86% Increase in Revenue to Record $81 Million
for Full Year 2022
Entered Into Business Combination Agreement
with Roth CH Acquisition IV Co. to Become a Public Company
Ended 2022 with Strong Revenue Visibility,
Including $96 Million Backlog
Tigo Energy, Inc. ("Tigo", or the "Company"), a
leading provider of intelligent solar and energy storage solutions,
today reported unaudited financial results for the year ended
December 31, 2022.
Full Year 2022 Financial and Operational Highlights
- Record revenue of $81.3 million, up 86% compared to $43.6
million in 2021
- Gross profit of $24.8 million, up 96% compared to $12.6 million
in 2021, with gross profit margin improving to 30% from 29% in
2021
- Net loss of $7.0 million, up 45% compared to a net loss of $4.9
million in 2021
- Adjusted EBITDA, a non-GAAP measure, totaled $2.5 million, an
improvement from an Adjusted EBITDA loss of $3.1 million in
2021
- Ended 2022 with backlog of $96.1 million, up from $14.5 million
at the end of 2021
- Entered into business combination agreement with Roth CH
Acquisition IV Co. (NASDAQ: ROCG) (“Roth CH IV” or “ROCG”) on
December 5, 2022
- Entered into an agreement to acquire energy data analytics
software company Foresight Energy Ltd., expanding Tigo’s ability to
leverage energy consumption and production data for solar energy
producers
Management Commentary
“Tigo had an extraordinary year by many measures,” said Zvi
Alon, Chairman and CEO of Tigo. “Driven by significant growth
within our MLPE solution, we achieved record revenue, nearly
doubled our gross profit, and built a robust customer order
backlog. In addition, our Energy Intelligence solutions, introduced
in late 2021 in the Americas and in the third quarter of 2022 in
Europe, are showing strong sales momentum, representing 4% of our
2022 sales and 7% of our backlog at December 31, 2022. For
customers searching for higher quality products in the marketplace,
our solutions’ open architecture, easy installation, and powerful
software clearly resonate.”
“Tigo ended the year on solid financial footing,” added Bill
Roeschlein, CFO of Tigo. “Additionally, the Company has already
lowered its cost of capital in the first quarter of 2023, by paying
off its term debt and raising $50 million in convertible notes. We
are confident in the path ahead for Tigo, and look forward to
providing more updates in the coming quarters.”

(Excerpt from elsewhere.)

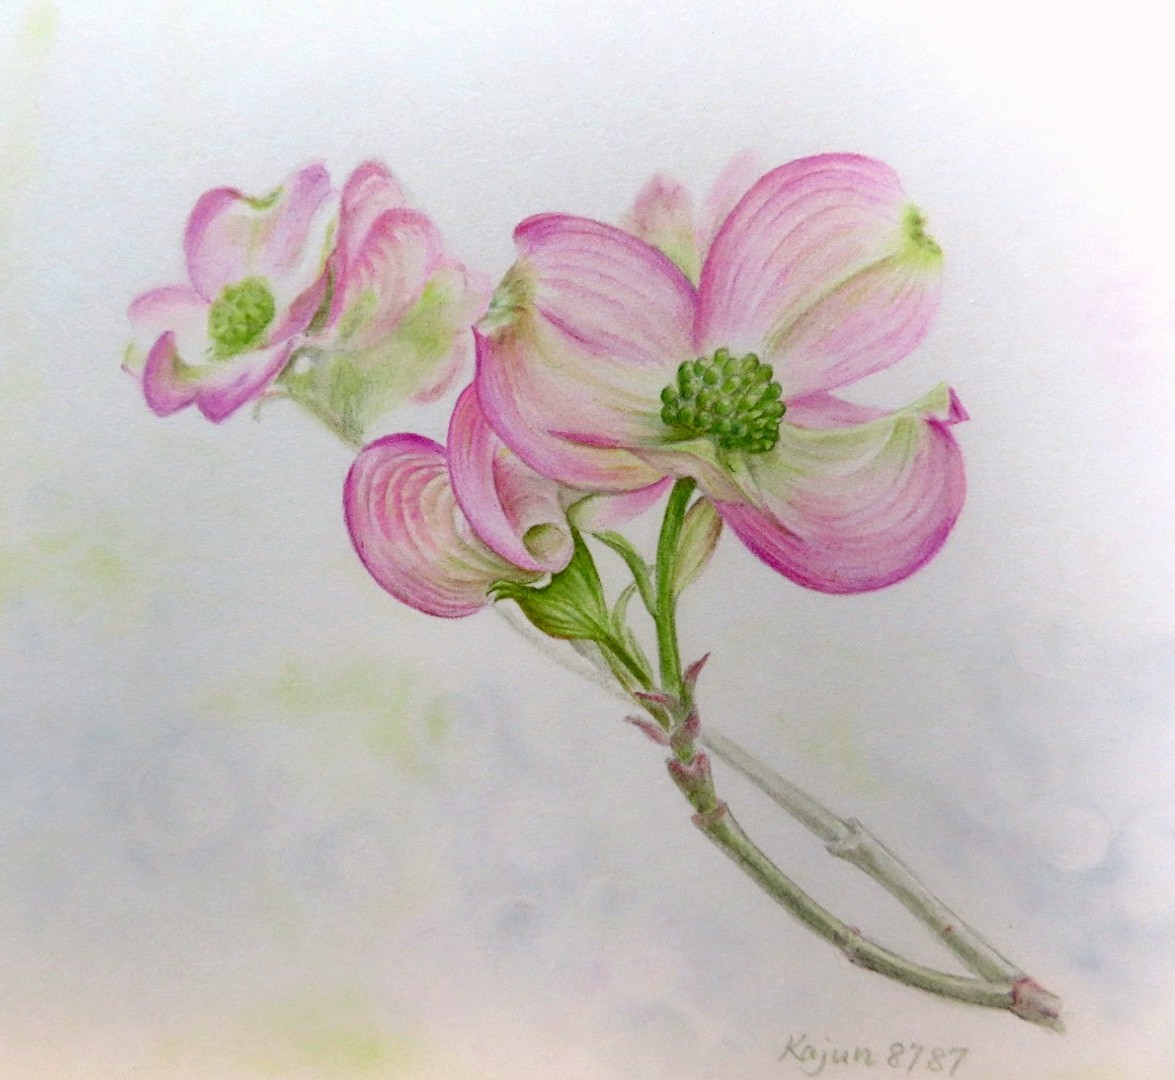 Kajun Twitter પર ハナミズキの色鉛筆画です 色も花の姿も可愛らしい花木です 色鉛筆画 色鉛筆イラスト ハナミズキ T Co Aw7pqby0z7 Twitter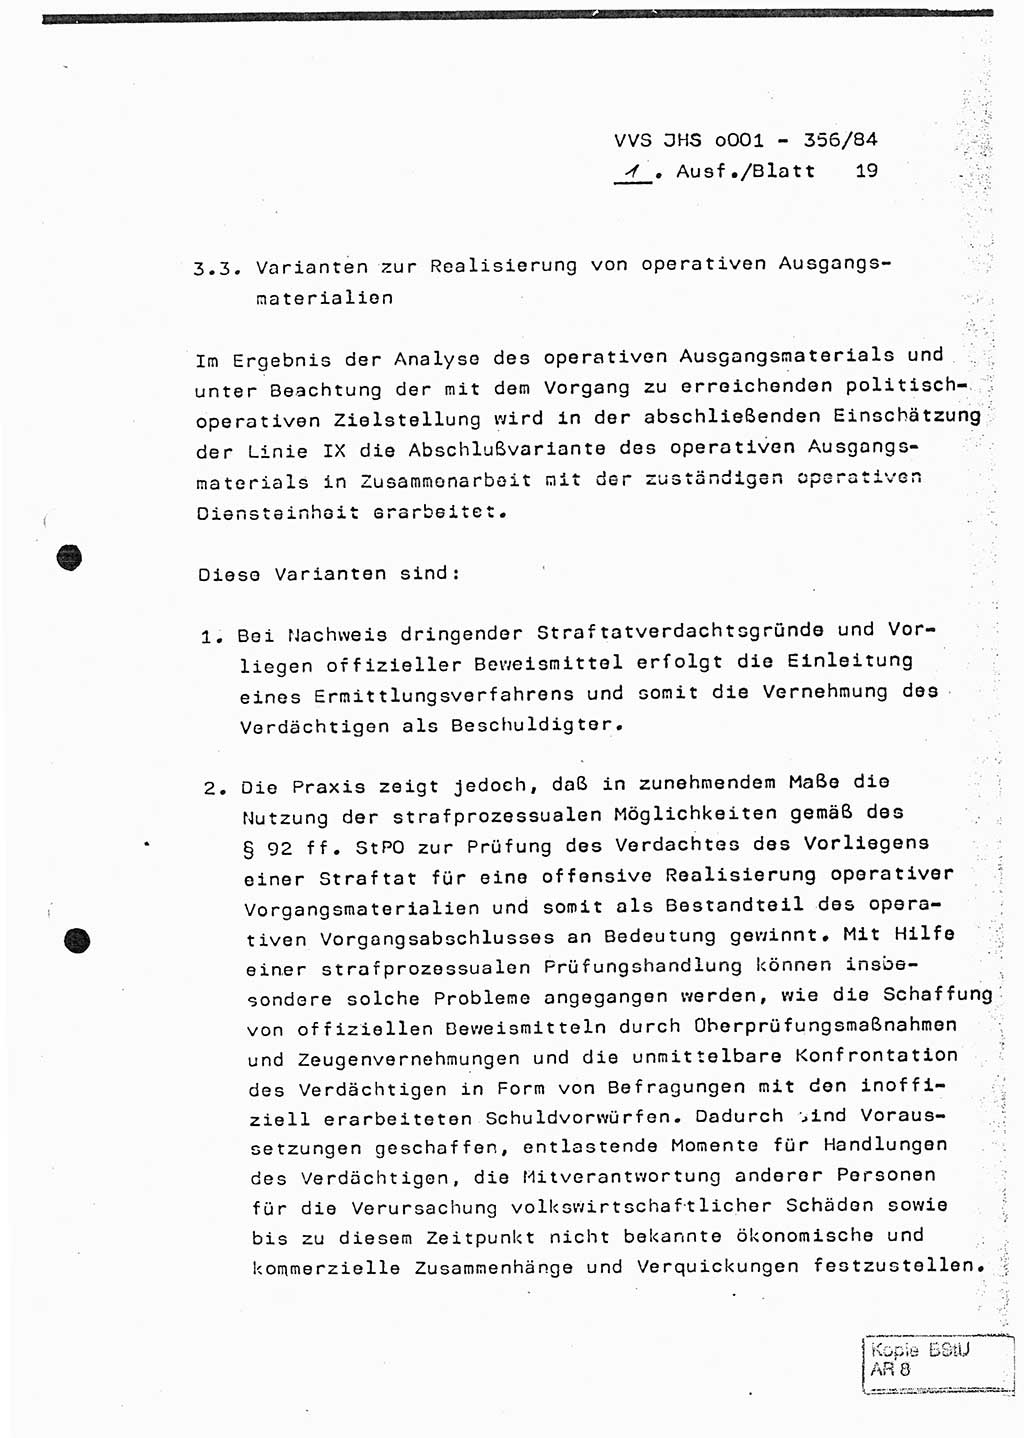 Diplomarbeit, Major Lutz Rahaus (HA Ⅸ/3), Ministerium für Staatssicherheit (MfS) [Deutsche Demokratische Republik (DDR)], Juristische Hochschule (JHS), Vertrauliche Verschlußsache (VVS) o001-356/84, Potsdam 1984, Seite 19 (Dipl.-Arb. MfS DDR JHS VVS o001-356/84 1984, S. 19)

Full Year 2022 Financial Results
Results compare the 2022 fiscal year ended December 31, 2022 to
the 2021 fiscal year ended December 31, 2021 unless otherwise
indicated.
- Revenue for 2022 totaled $81.3 million, an 86% increase from
$43.6 million in 2021. The increase was primarily due to higher
worldwide sales of its TS4 MLPE products, particularly in
Europe.
- Gross profit for 2022 totaled $24.8 million (30% of total
revenue), a 96% increase from $12.6 million (29% of total revenue)
in 2021.
- Total operating expenses for 2022 totaled $25.7 million, a 57%
increase from $16.4 million in 2021. The increase was primarily due
to higher headcount to support the Company’s growth initiatives and
M&A transaction expenses associated with the Company’s de-SPAC
activities.
- Net loss for 2022 totaled $7.0 million, compared to net loss of
$4.9 million for 2021. Net loss for 2022 included a loss on the
extinguishment of debt in the amount of $3.6 million in 2022.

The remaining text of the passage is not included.